Still Doing it in the Box
Of course when that coverage skill is combined with his ability to play in the box and around the line of scrimmage we start to get something pretty special. Take this play in the fourth quarter (9:50):The Browns are going to run off left tackle with a pulling guard coming from the backside to lead through the hole. Eric Berry, playing well in the box as a linebacker is the player that draws the pulling lineman, which would ordinarily be a win for the offense, but he has other ideas.
When the play started, Berry read it well and instead of coming down in the middle of the gap where he would be an easy target to be blasted out of the hole by a lineman with a head of steam, he tucked himself in tight to the bodies on the line of scrimmage, throwing off RG Shawn Lauvao’s angles entirely. Berry was able to shoot inside and underneath Lauvao who couldn’t adjust in time, driving right through the block to hit the running back like a missile for a loss in the backfield. These types of plays are the hallmark of Berry’s game – not simply impressive read and reaction time, but the instincts to shoot in with leverage and a tight angle to avoid the block that the Browns had counted on blowing the play wide open.
The play that caught my eye the most in the game though was the very next play, one that on the face of it wasn’t that impressive. With the Browns up against a 3rd-and-30, Berry was able to stop a screen for a 7-yard gain. Just looking at the play description that seems pretty run of the mill, until you see what was facing Berry when the running back received the ball in the flat:
He found himself staring at not one but two linemen coming at him like a large wall to cut him off from the running back. Often one lineman is enough to take out a defender, but two of them both aiming at the same target here from either side would usually be curtains for his ability to influence the play. From the point this picture is taken you would expect Berry to hit the ground and at best force a cut from the running back towards help coming from the inside. You certainly wouldn’t expect him to beat both blockers and make the stop, but that’s exactly what he did.
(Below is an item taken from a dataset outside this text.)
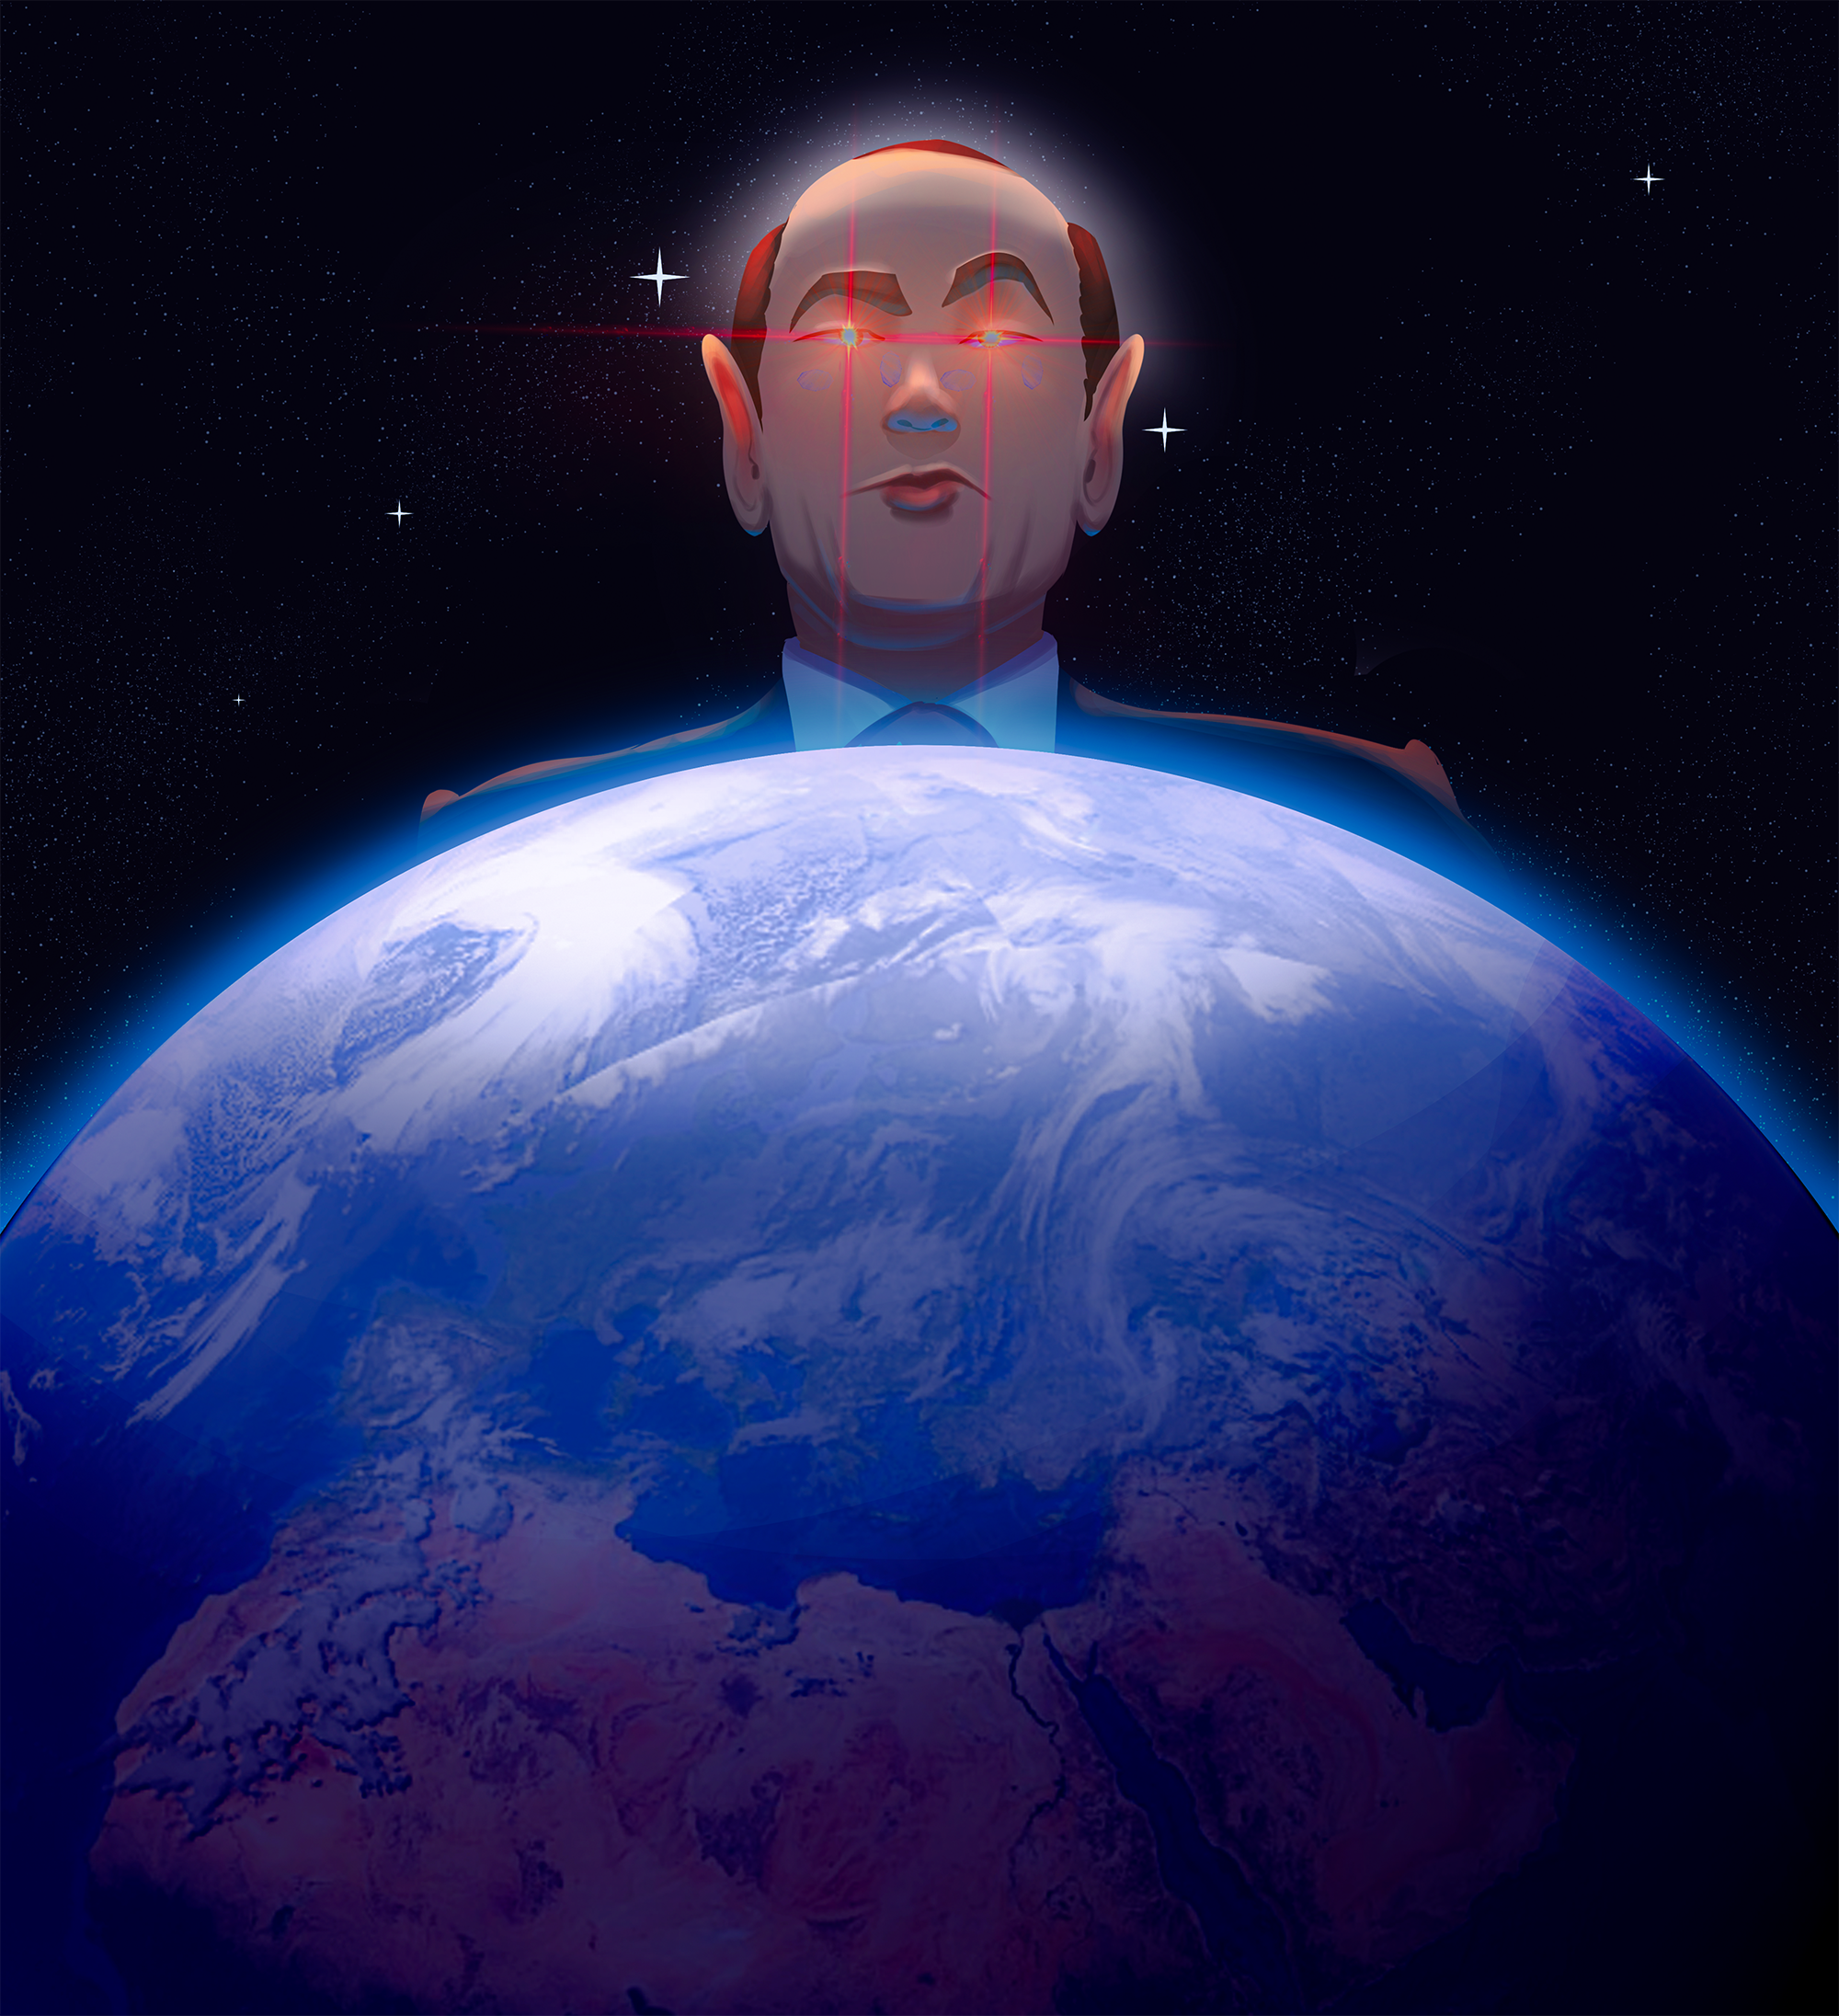 General 2000x2192 Earth glowing eyes Vladimir Putin stars portrait display star eyes space planet men digital art bald

As the first blocker dives towards him to cut him down Berry goes airborne, leaping over the block entirely, and somehow regaining his body control enough to land and fight through the block of the second lineman all in the same movement. The running back went from having a wall of blockers in front of him to suddenly having Eric Berry powering through the outside shoulder of his last remaining blocker and a horde of Chiefs defenders chasing the play down from the inside.
Though the Browns would have been unlikely to convert this play anyway, regardless of what Berry did, the fact that he was able to single-handedly take out a pair of screen blockers in one fluid movement was incredibly impressive.
Against Cleveland Eric Berry was able to display the full spectrum of his skill set, a skill set that has only this season become fully rounded as he is now both more experienced as an NFL defender and fully over the effects of a serious knee injury.
He has two Pro-Bowls to his name already, and the hype of a perennial All-Pro in some circles, but this is the first season that Eric Berry is playing at an exceptionally high level, and he is doing so as a complete defender, not just a guy who can impress in the box but remains a liability in coverage. This is the Eric Berry I wasn’t convinced existed, but he is proving me wrong in 2013.